Durante la Edad Media (y un poquito después) existía un personaje que iba de pueblo en pueblo vendiendo ungüentos y brebajes que curaban cualquier tipo de dolencia.

Estos personajes normalmente eran vendedores de humo, charlatanes capaces de vender cualquier cosa a cualquier precio.

En ocasiones contaban con la ayuda de terceras personas que hacían un poco de teatro para demostrar al resto del pueblo que se arremolinaba alrededor de sus carruajes las virtudes de tales pócimas. En la clásica película de Disney «Pedro y el dragón Elliot» aparece como villano uno de estos personajes.

Seguramente hay quien diga que estos vendedores de humo siguen existiendo a día de hoy (y no seré yo quien lo niegue).

Pero con las nuevas tecnologías y la existencia de ese monstruo llamado Internet, las técnicas de venta han cambiado.

Para evitar que nos den gato por liebre (quizás en otra ocasión hablemos del origen de esta frase) debemos asegurarnos muy bien de qué estamos comprando y a quién se lo estamos comprando.

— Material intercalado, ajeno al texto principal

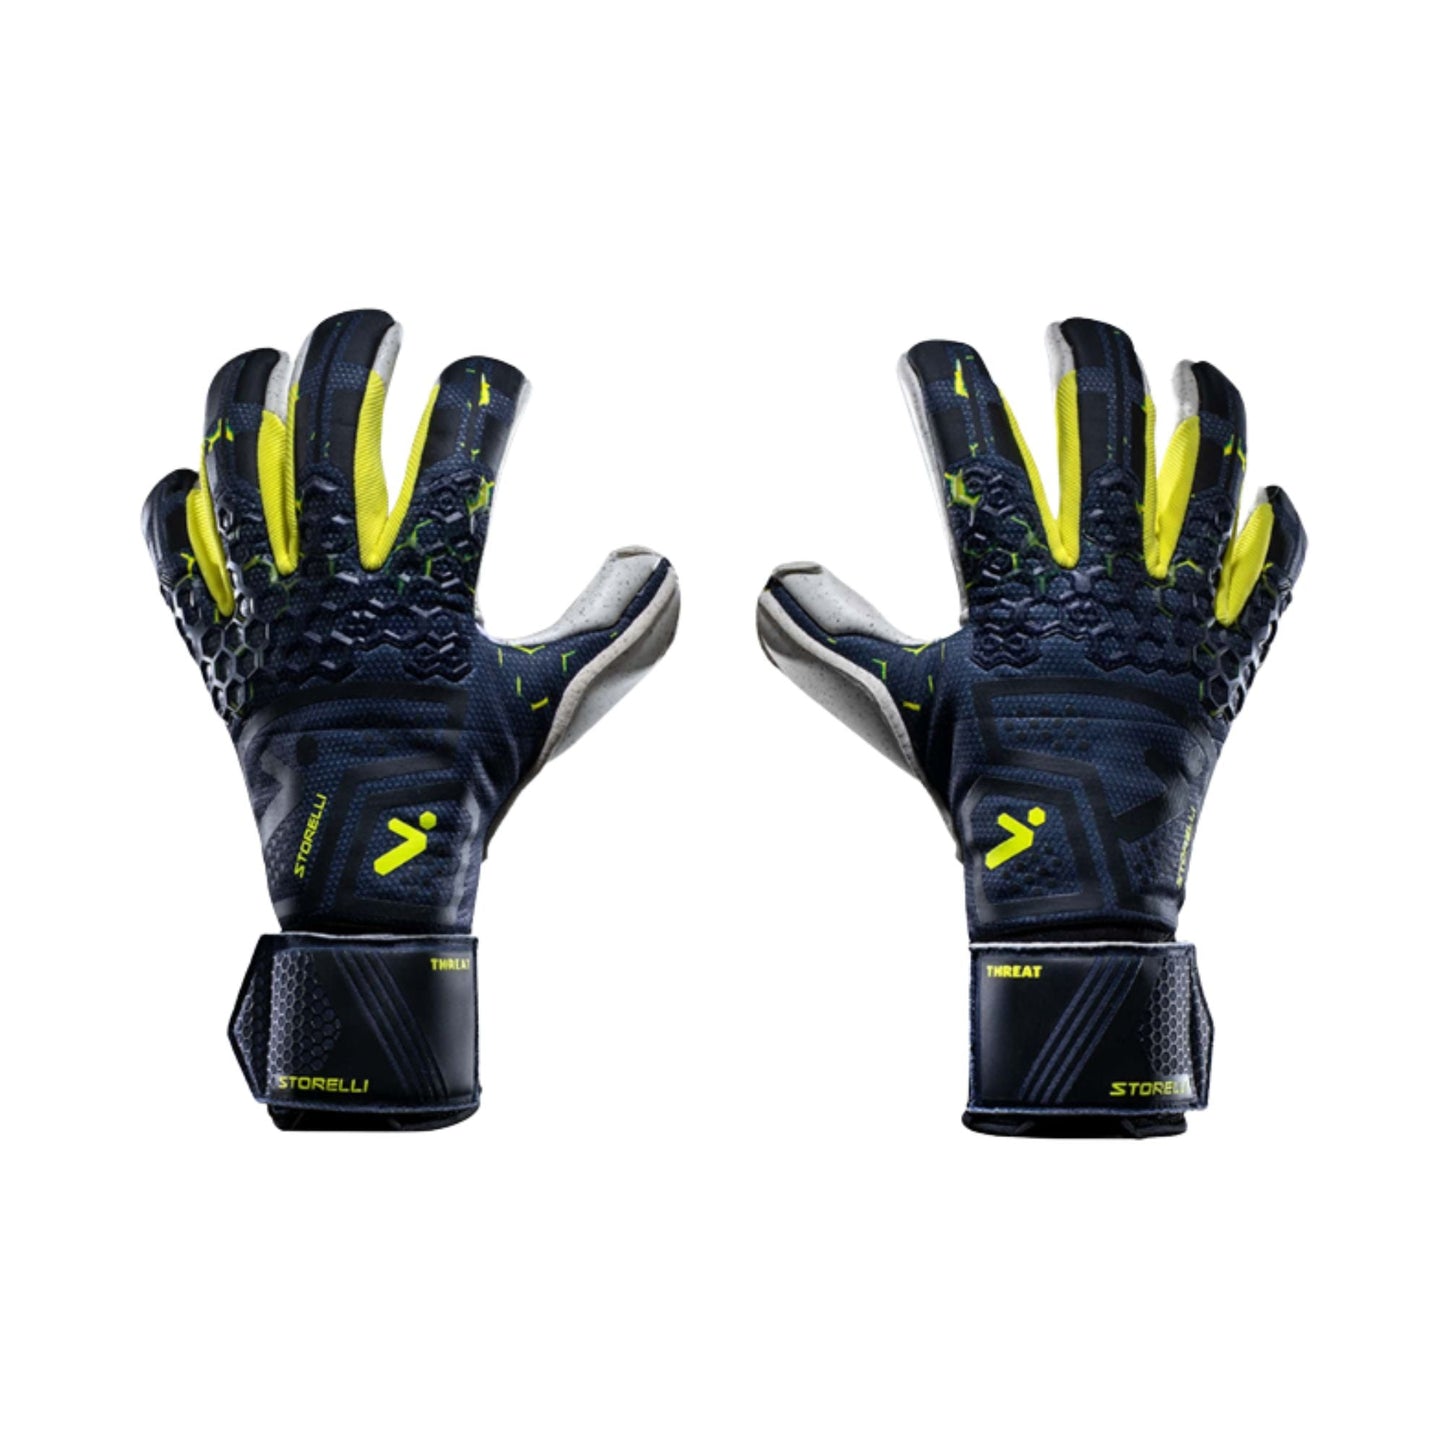 Goalkeeper Gloves - Silencer Threat by Storelli Goalkeeper gloves ITASPORT

Quizás como usuario doméstico no nos preocupe demasiado ese tema (aunque debería), pero para las empresas eso es harina de otro costal (hoy estoy que me salgo con las frasecitas).

Una empresa de impermeabilización que sirve como intermediaria de otras empresas de productos impermeabilizantes más grande tiene que asegurarse de que su venta de tela asfáltica sea correcta y certera. Si por h o por b (lo dicho) no se asegurara bien de qué tipos de productos está ofreciendo y de su fiabilidad, sería la principal afectada y perdería credibilidad. Los productos que se ofrecen deben estar legislados y haber pasado las pruebas necesarias para asegurar su correcto funcionamiento.

Así que ya seamos un usuario doméstico comprando un juguete para nuestra mascota en Amazon o una gran empresa ofreciendo productos de terceros, cuidémonos mucho de esos vendedores de humo y asegurémonos de lo que estamos comprando. Al fin y al cabo es nuestro dinero.